The scent of darkroom chemicals has been with me since childhood, largely because my photographer father did much of his processing in our basement. He was – and remains – a particularly useful dad, because his hand-me-down Pentax Spotmatics were a perfect complement to my infatuation with motor racing… In 1976 I began taking motorsport pictures and two years later entered a Pentax competition that was linked to its sponsorship of a BMW in the British Saloon Car Championship. First prize was a BMW 316, but I was one of six runners-up and walked away with a K1000 and several lenses. More than 20 years later my parents let a painful secret slip: I had originally been chosen as the winner, but Pentax didn’t want the main prize to go to somebody without a driving licence. I was 17 at the time and failed my test about two weeks before the presentation, having crossed my hands on the steering wheel at a tricky right turn in Sale town centre. My mum duly informed Pentax of as much, so the car went elsewhere and I was none the wiser. And besides, I was much safer with a K1000 than I was with 90bhp. That camera became a constant companion. In 1982 I began working professionally as a motorsport journalist and continued to take pictures wherever I went, but trying to do both things felt increasingly like a compromise and eventually I took a conscious decision to put my camera down. For the next 25 years I travelled all over the world and recorded almost nothing… I began to realise the scale of this missed opportunity when I started to digitise some bygone snaps – and that triggered a visit to a local camera shop.
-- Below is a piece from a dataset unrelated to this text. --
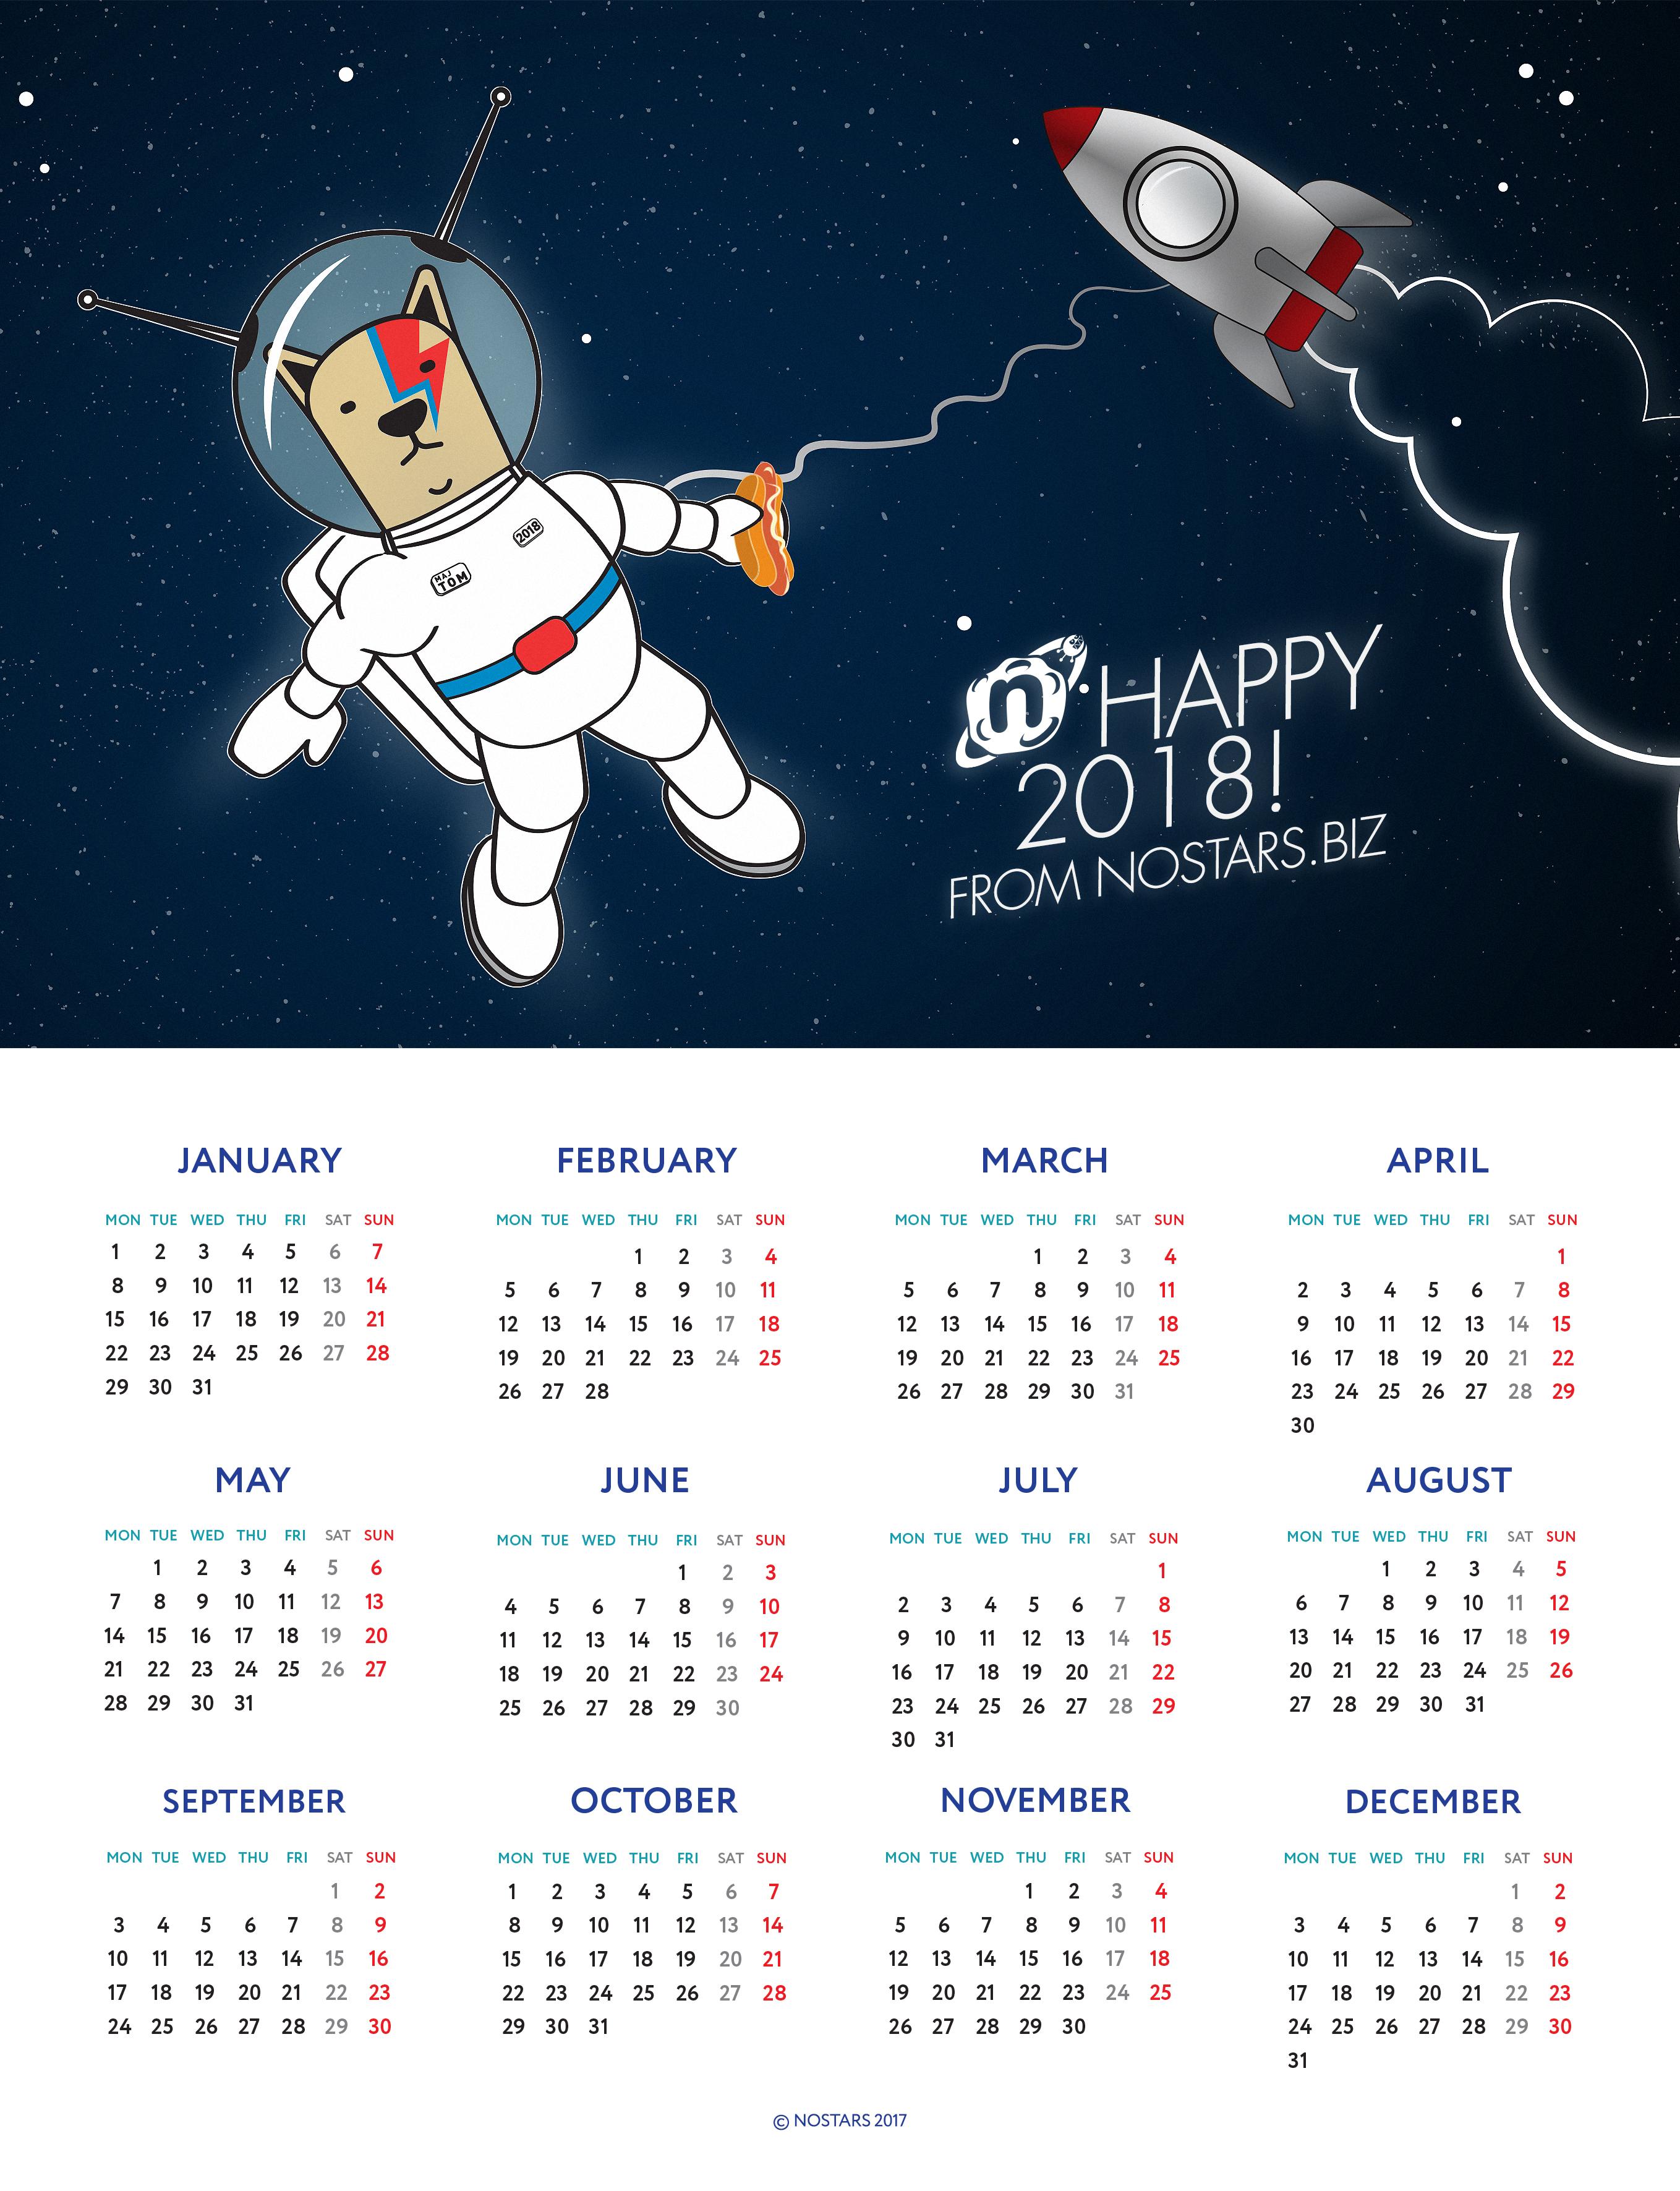 Nostars.biz поздравляет своих друзей с новым годом!

When I asked about the best combination of quality and value in a modern DSLR, the response was immediate: Pentax. Five minutes later I walked out with some reassuringly familiar new toys. Words are my trade, photographs my passion.
Camera Bag
Sigma 10-20mm f4-5.6; Tamron 18-250mm f3.5-6.3; Tamron 70-300mm f4-5.6 macro; Tamron 90mm f2.8 macro; Sigma 100-300mm f4; Sigma 150-500mm f5-6.3; Sigma 1.4 TC.